PROVIDED DATA
--

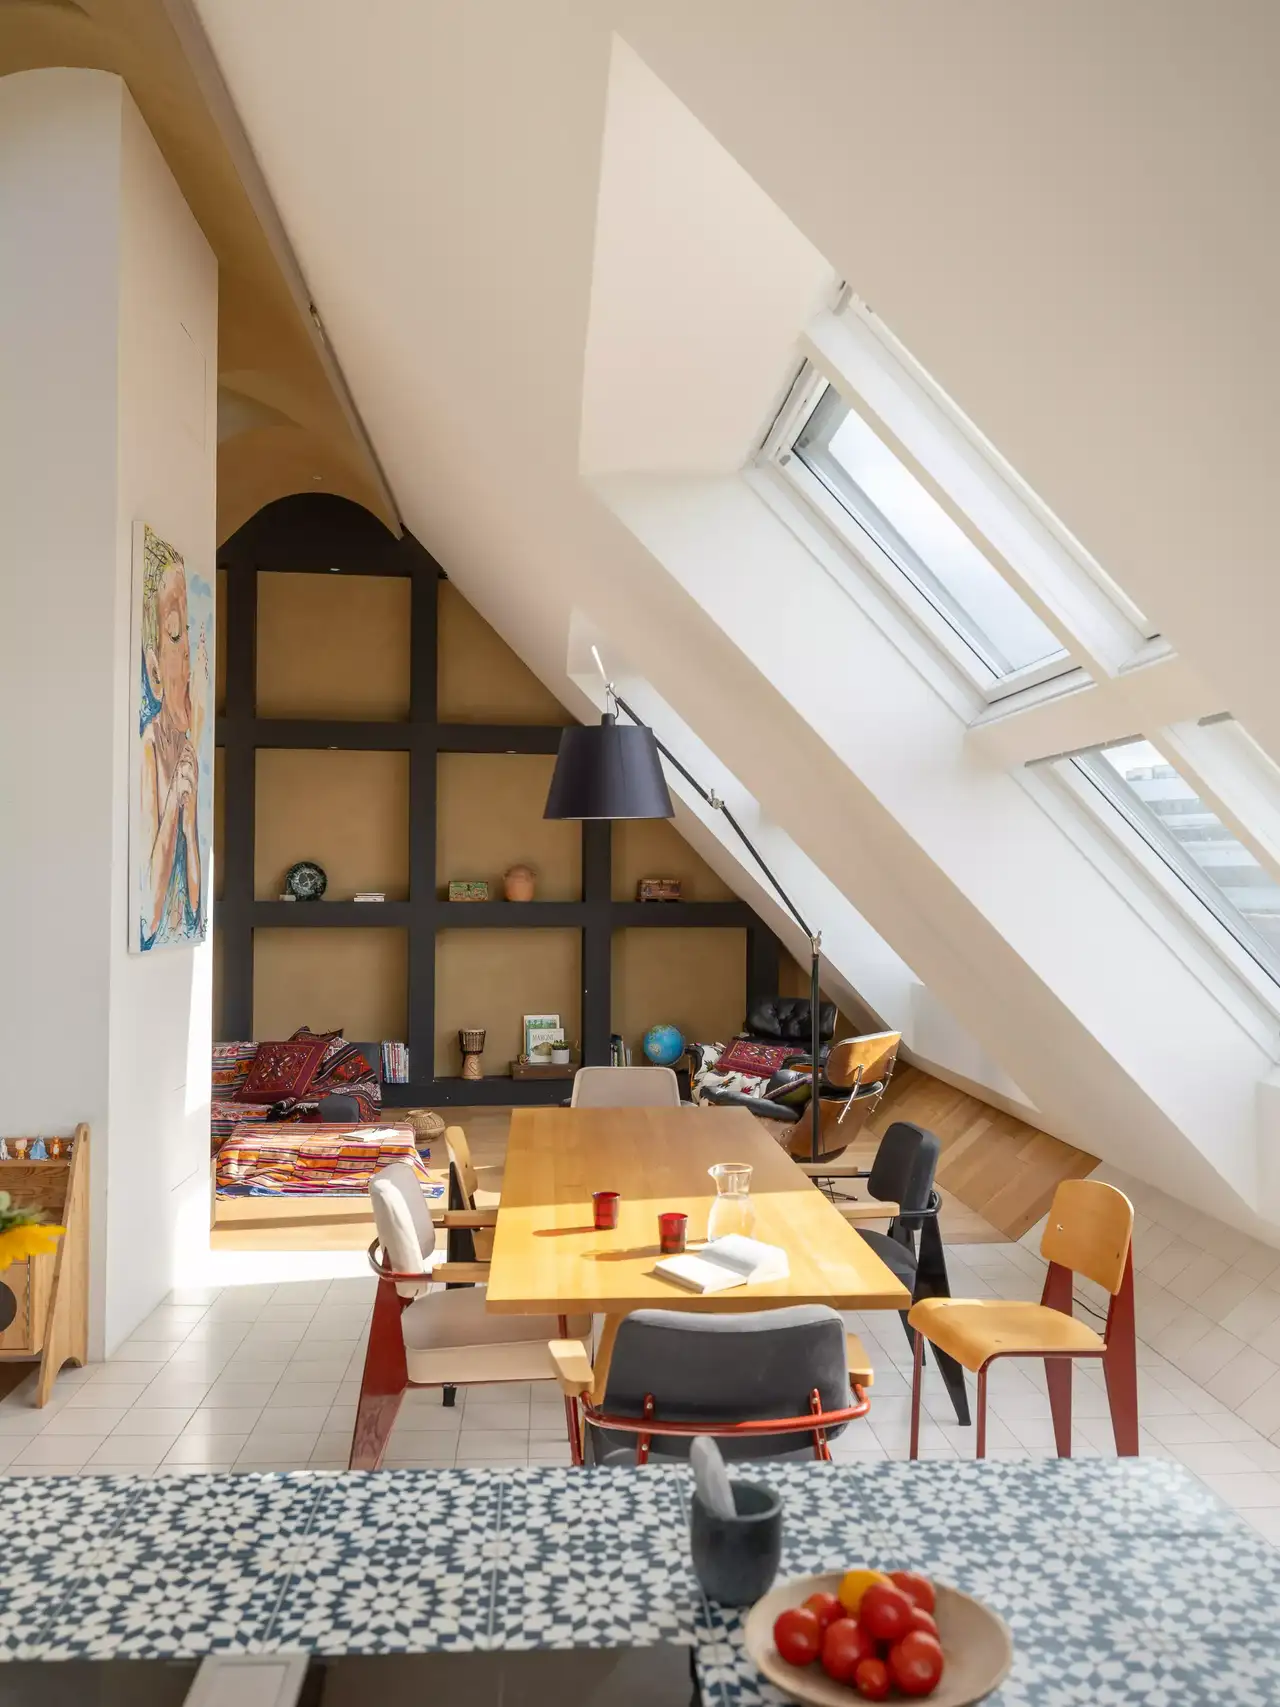 Dachboden-Esszimmer mit natürlichem Licht durch VELUX Dachflächenfenster, hölzerner Tisch und offene Regale.
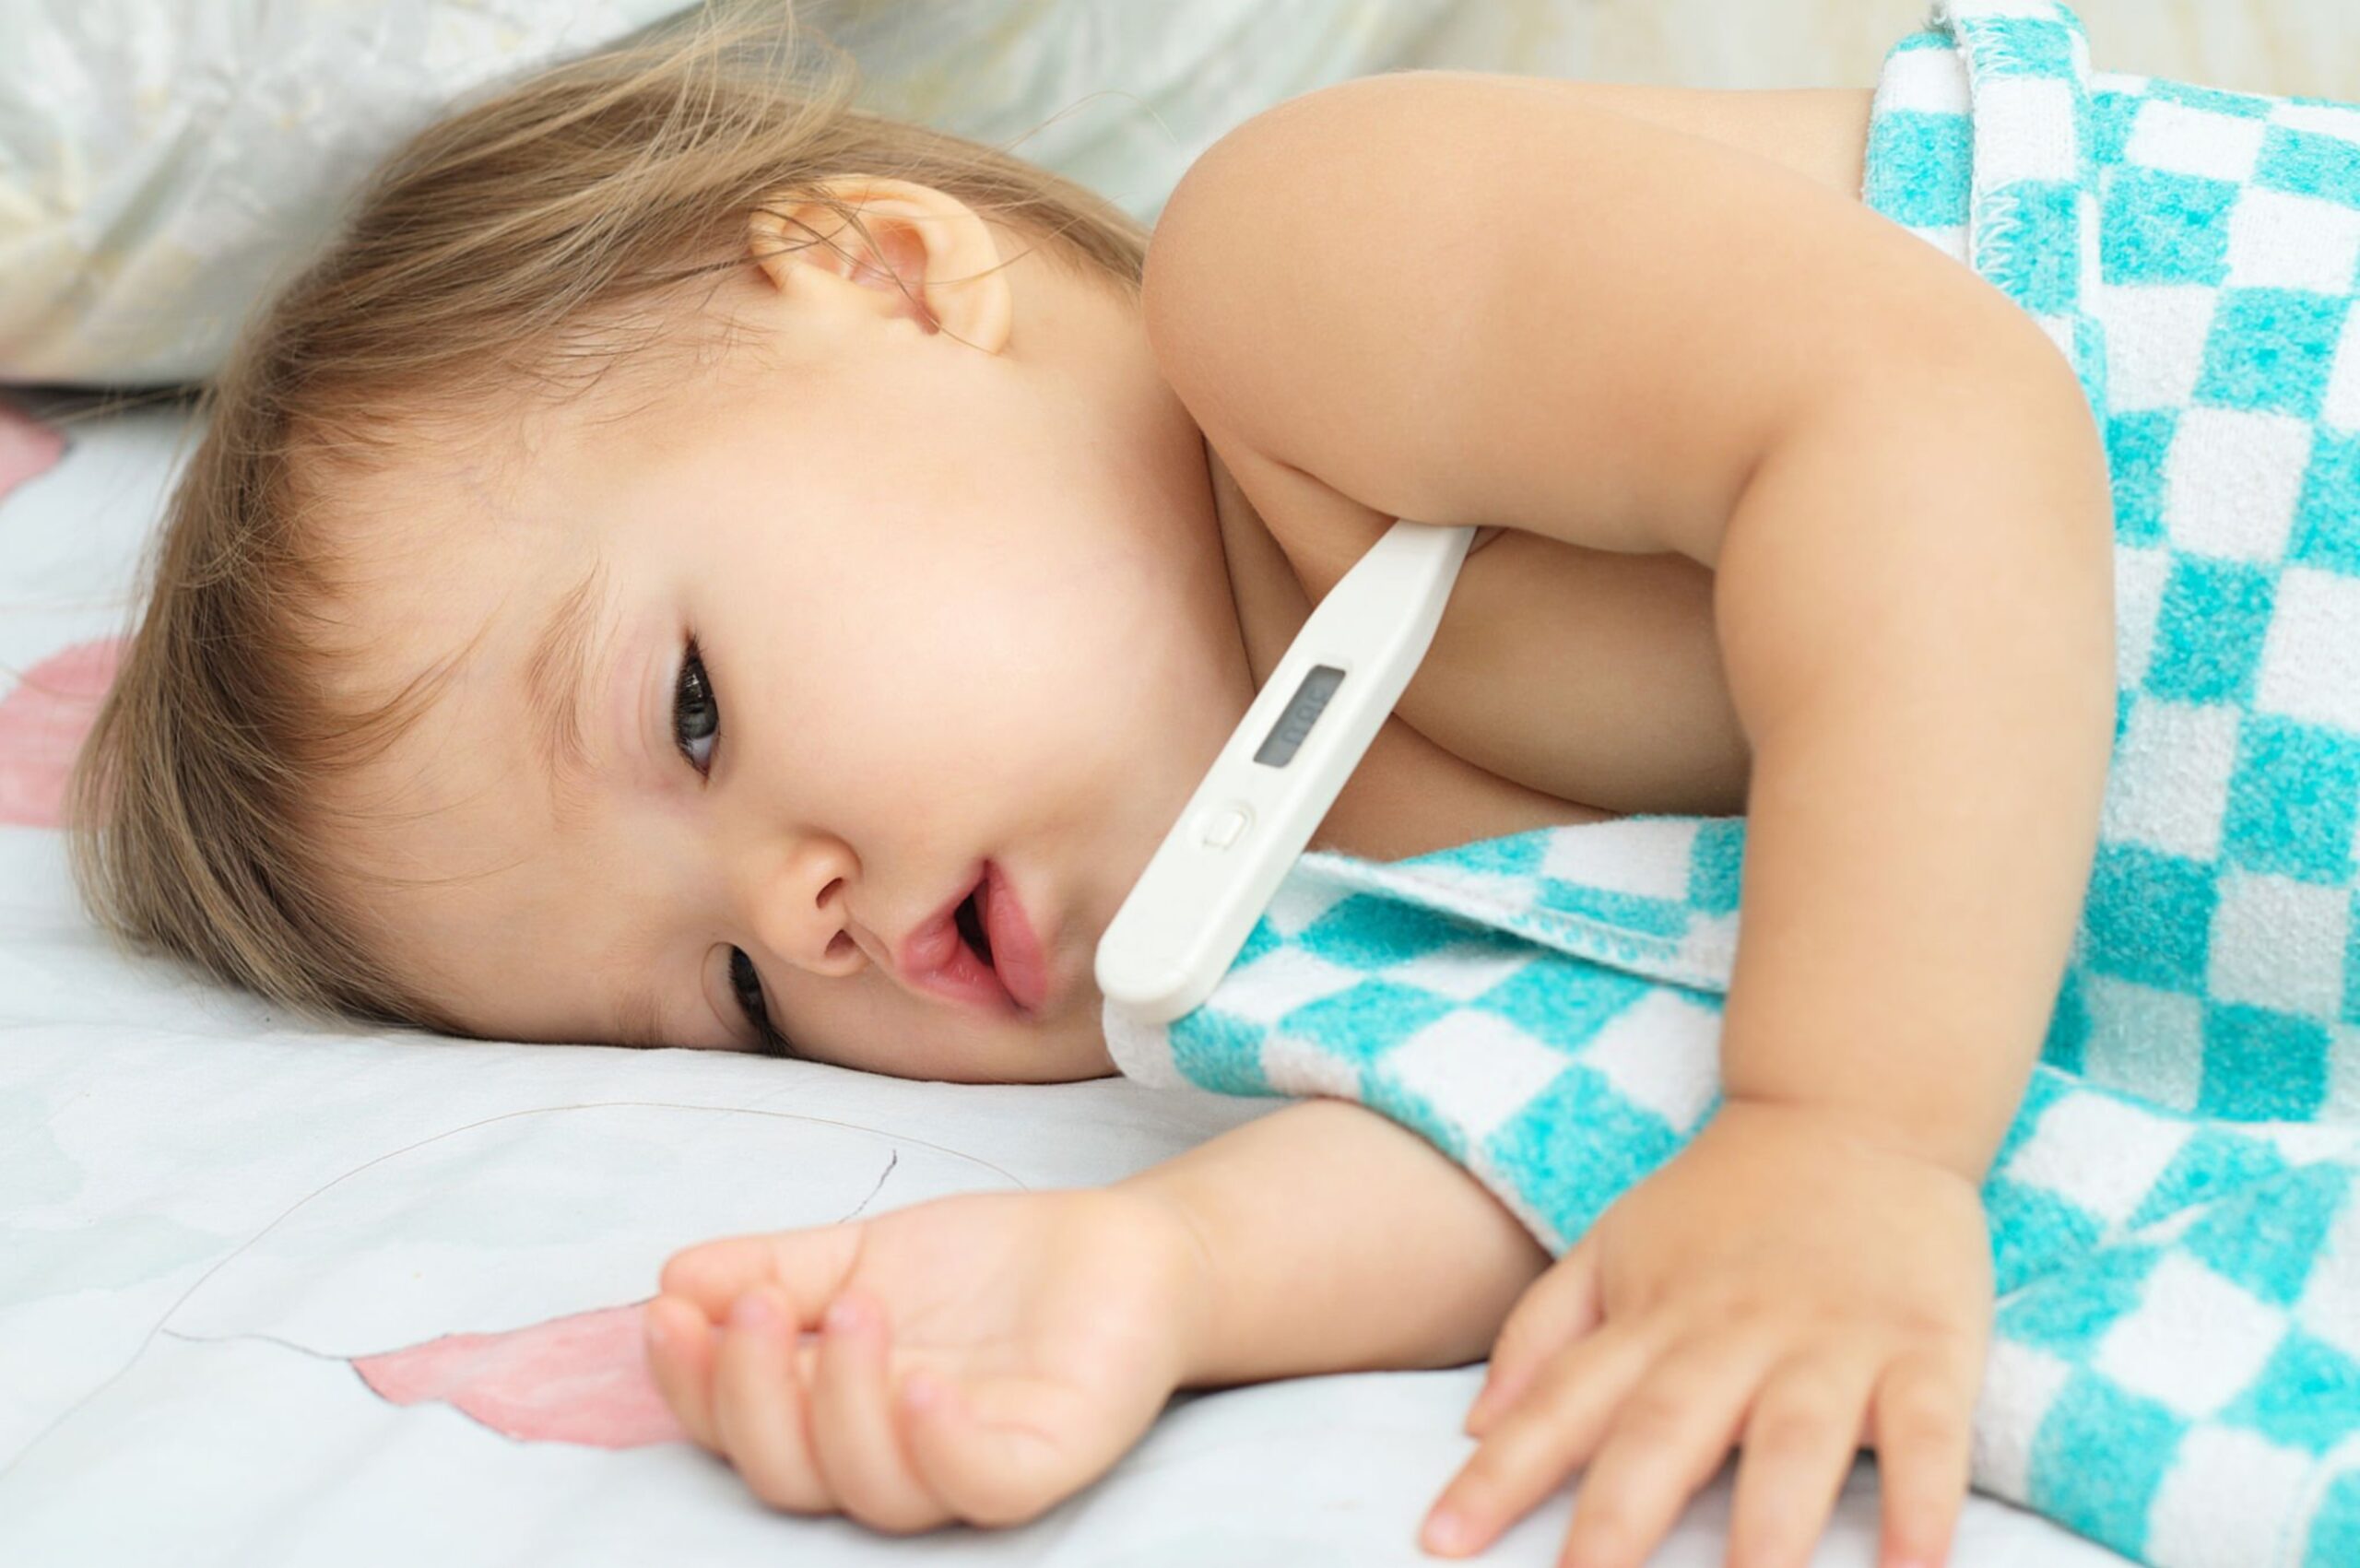 تب ناشی از اسهال و کم آبی بدن در کودکان خطرناک است
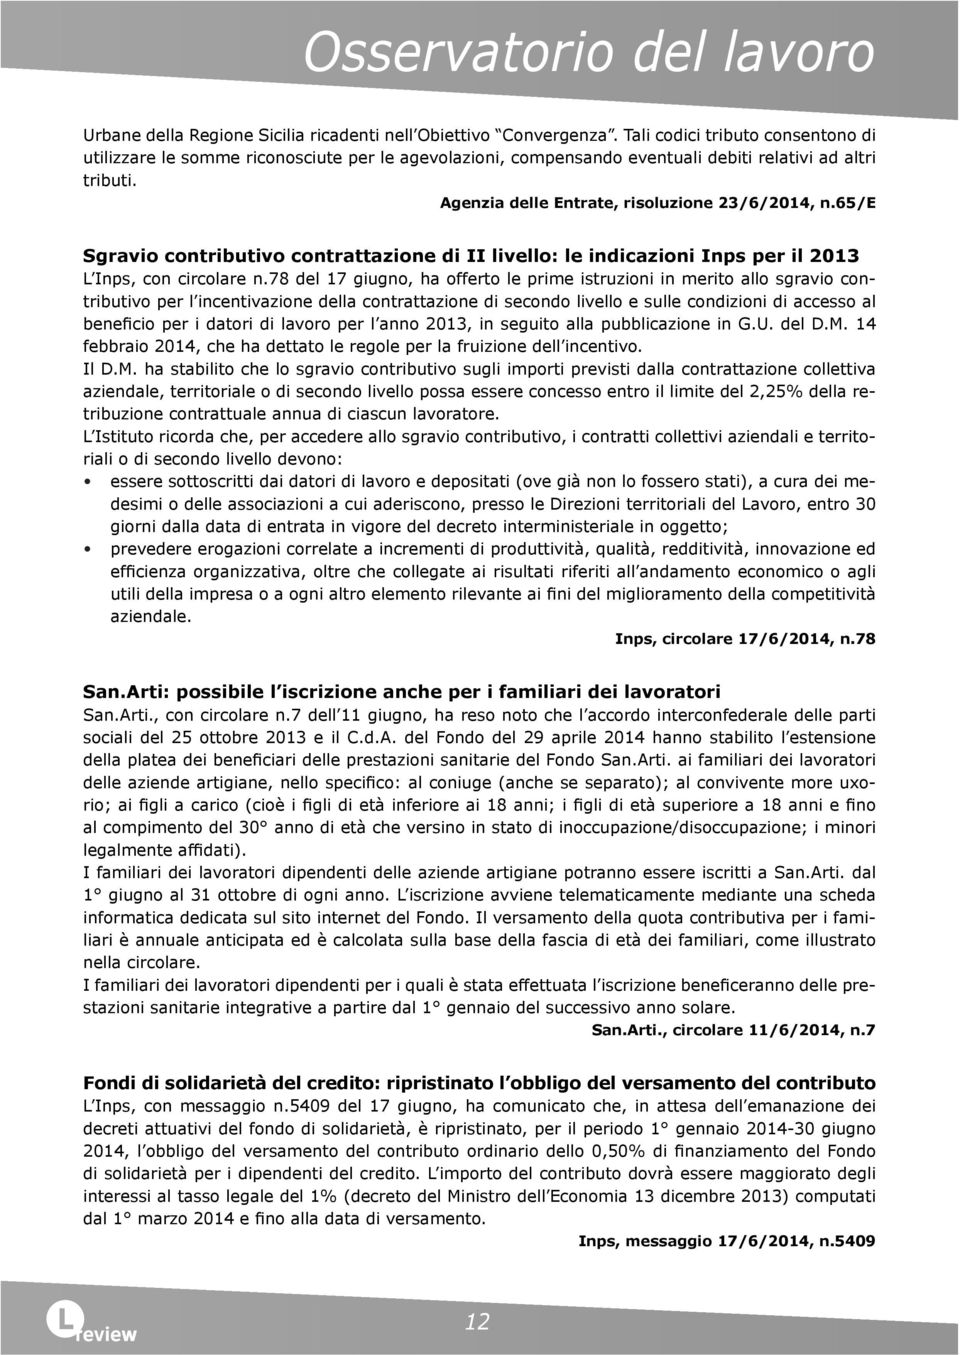 65/e Sgravio contributivo contrattazione di II livello: le indicazioni Inps per il 2013 L Inps, con circolare n.

--

PROBLEM
Leaving out the pictures, reproduce the whole listing above exactly.

PROBLEM SOLUTION
 Dachboden-Esszimmer mit natürlichem Licht durch VELUX Dachflächenfenster, hölzerner Tisch und offene Regale.
 تب ناشی از اسهال و کم آبی بدن در کودکان خطرناک است
 65/e Sgravio contributivo contrattazione di II livello: le indicazioni Inps per il 2013 L Inps, con circolare n.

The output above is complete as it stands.